Source tracking is a Bayesian approach to estimate the proportion of a given “sink” community sample that is comprised of OTUs from a potential “source” sample [37]. For this study, sources were deemed to be outdoor air, soil, and human-associated samples (skin, feces, mouth, urine). Broadly, outdoor air and unidentified sources dominated the sources for indoor air environments (Fig. 2 a); outdoor air averaged a mean proportion of 0.52 (range 0.003–0.98) while unknown averaged 0.43 (range 0.016–0.99). Skin was the next most identified source with a mean proportion of 0.03 (range 0–0.25). Indoor surface environments, compared to airborne assemblages, tended to be more strongly sourced from human-associated taxa, with an average proportion of skin of 0.17 (range 0–0.96), and outdoor air contributing a similar amount (0.14; range 0–0.95). In looking within indoor surface types, individual sources became more important. For example, urine and feces were observed to be a more dominant source in bathrooms compared to other areas (Fig. 2 a). Thus, from the biological perspective, source tracking results largely support the intuitive understanding of environment representing the most common source populations for microbial taxa that get dispersed indoors. These results also largely mirror what has been shown in individual studies (e.g., [9, 14, 17, 19, 32]).

Fig. 2
figure 2

Sources tracking of indoor environments. A subset of samples from each of the studies (see Table 1) was analyzed using the SourceTracker algorithm to apportion microbial sources for different “sinks” of indoor settings.
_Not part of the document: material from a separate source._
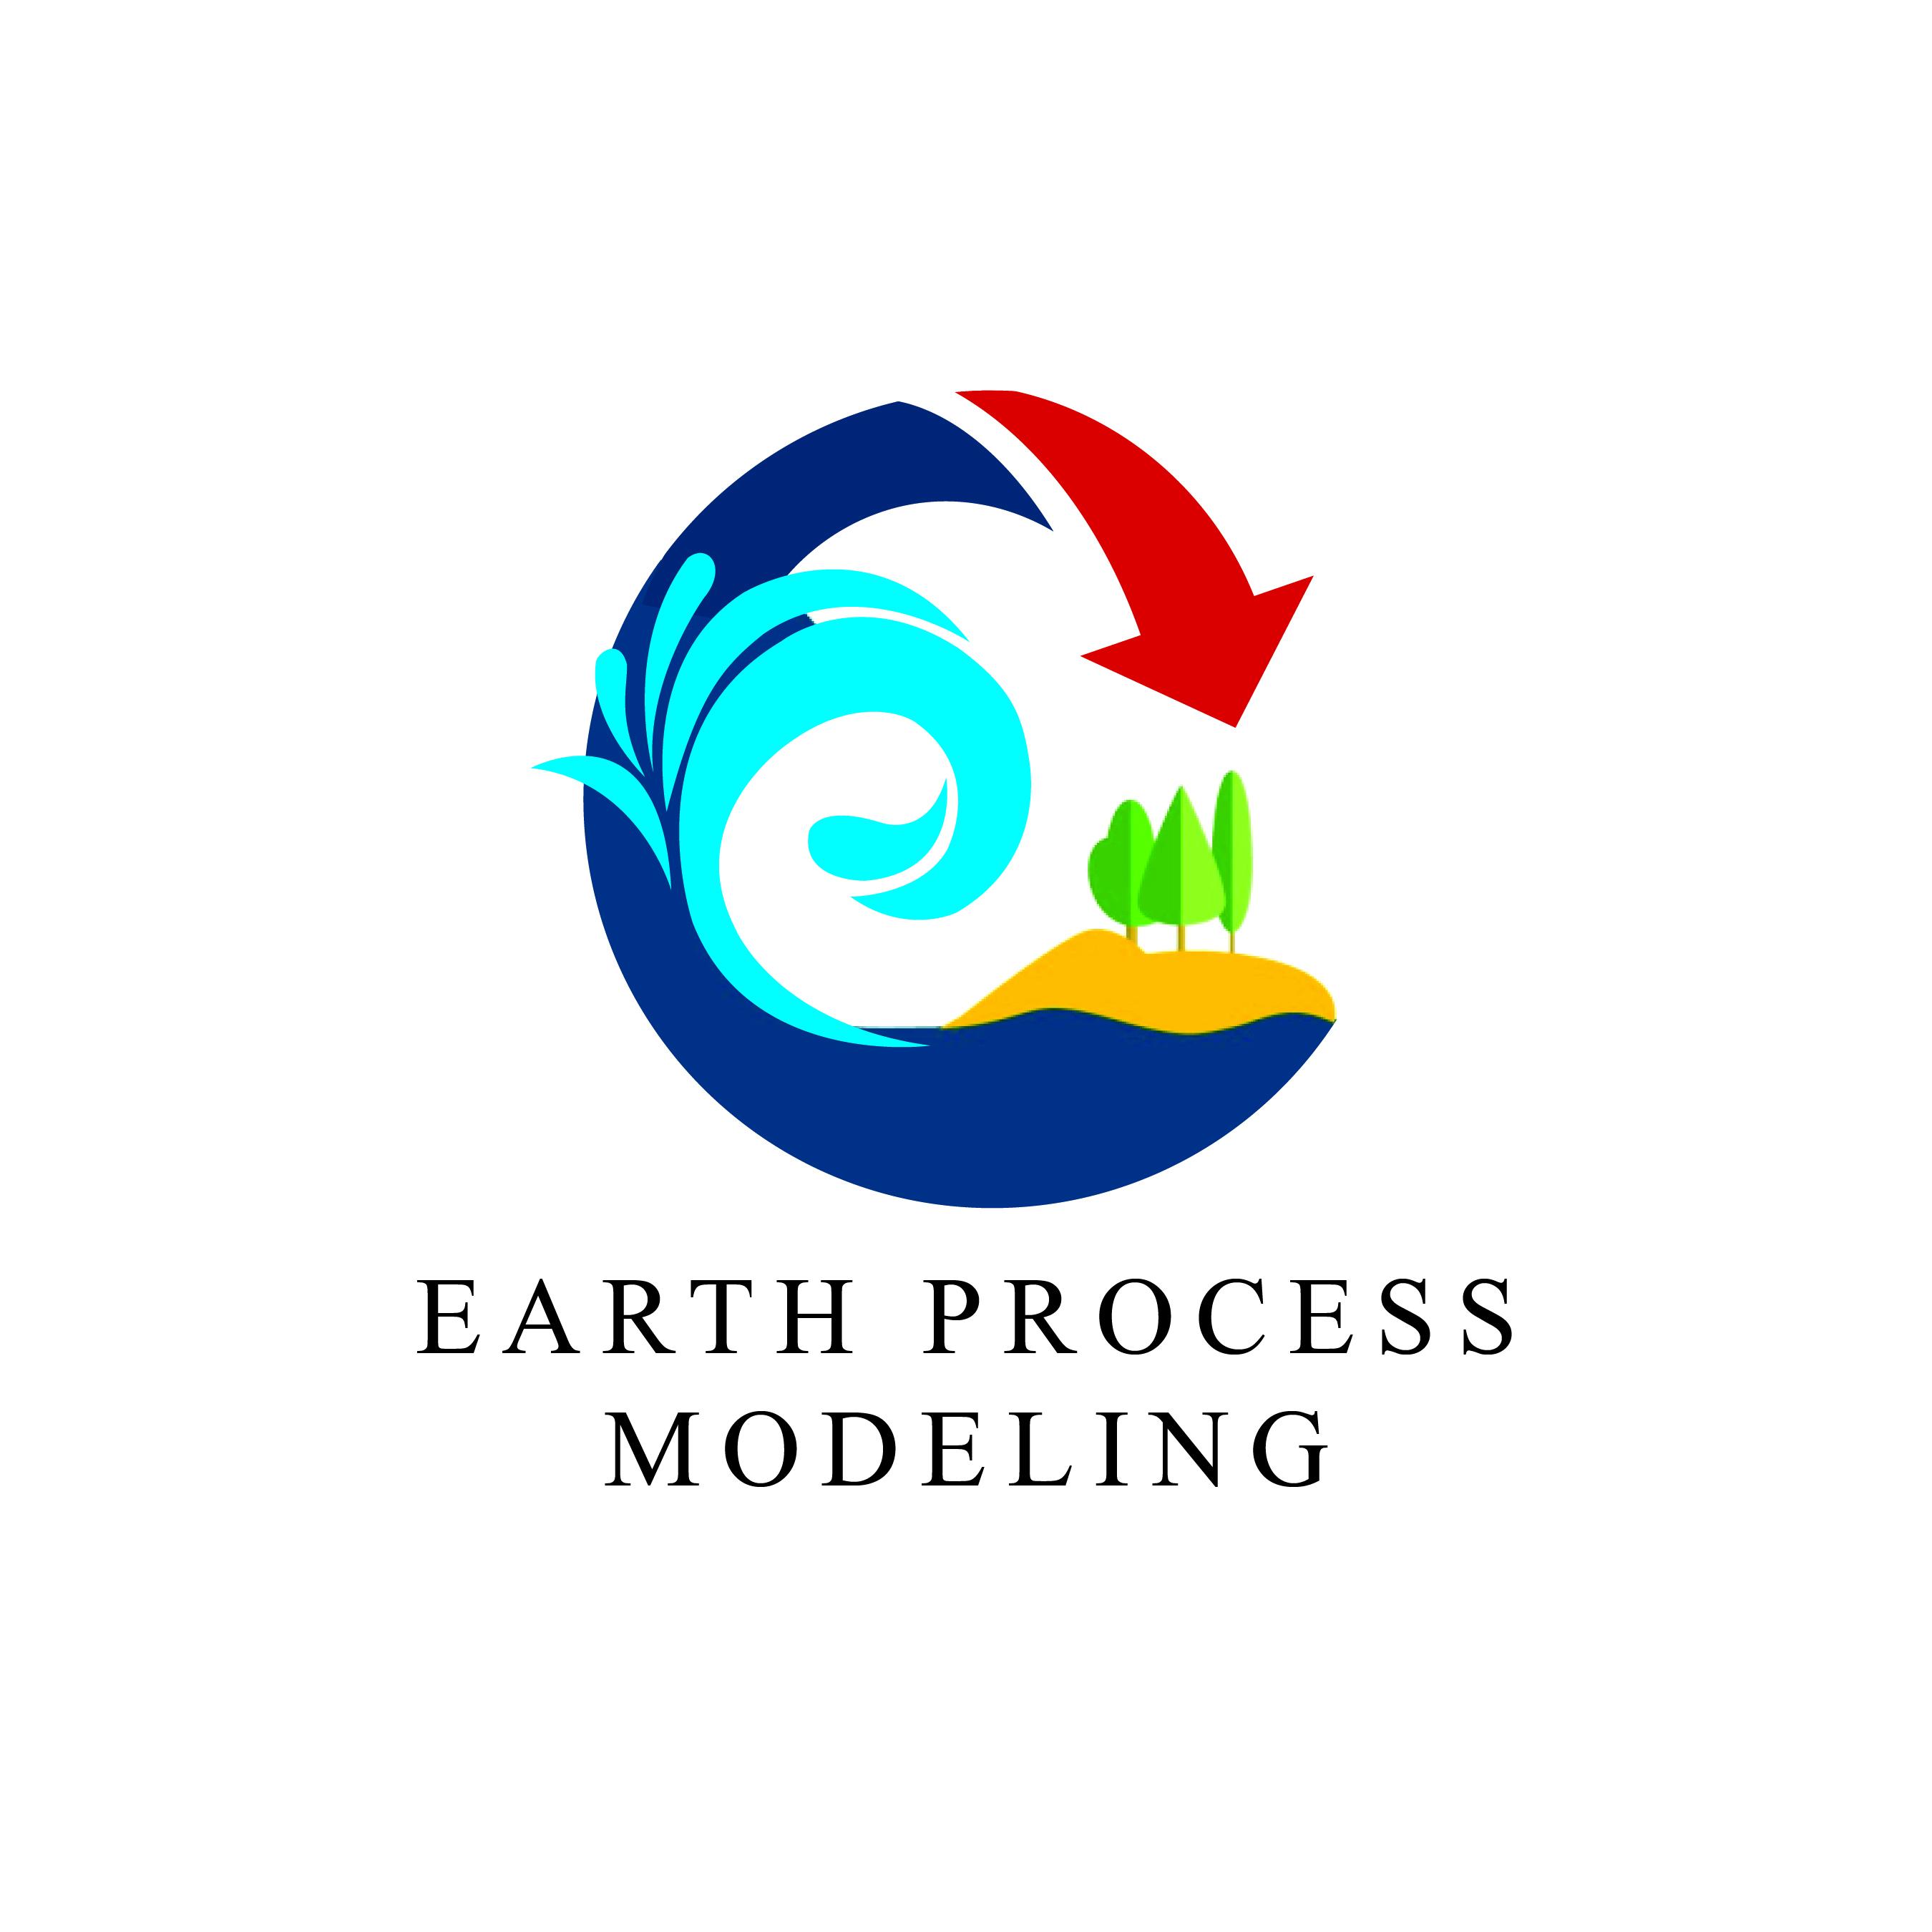 Earth Process Modeling

Prominent sources were outdoor air, skin, soil, and laboratory kits (a), although the likelihood of identifying sources varied strongly by study. b Those studies that were more likely to have sources identified were those that originally included source environment samples (using their own sampling and laboratory methods—denoted by asterisk in the figure), contained samples that were more strongly sourced from skin, or targeted the same variable region as those in the source samples

Table 1 Studies included in this meta-analysis

From the perspective of combining studies in meta-analysis, our results suggest that site-specific sources may be particularly important for air environments (Fig. 2 b). Although limited in number, two studies of bacteria in indoor air also had outdoor air samples [15, 32], and one study of settled dust was also accompanied by localized outdoor source samples representing air [9]. For these studies, outdoor air accounted for a mean proportion of 0.59 compared to 0.14 for those studies without study-specific designed outdoor source samples. Another study conducted in the same building [19] as a previous study that did include specific outdoor air samples [32] also showed a high proportion of outdoor air as the source. Thus, generic outdoor air sources were less informative that site-specific ones, indicating that bacteria in outdoor air can be highly localized [15, 32]. Moreover, we also observed differences in the power of generic sources to identify sources depending on the target variable region (Fig. 2 b). Overall, this exercise suggests that processing even a few comparable outdoor samples alongside built environment samples may be much more effective for accurately identifying sources of indoor microbes versus analyses relying on a more extensive set of outdoor samples from another study.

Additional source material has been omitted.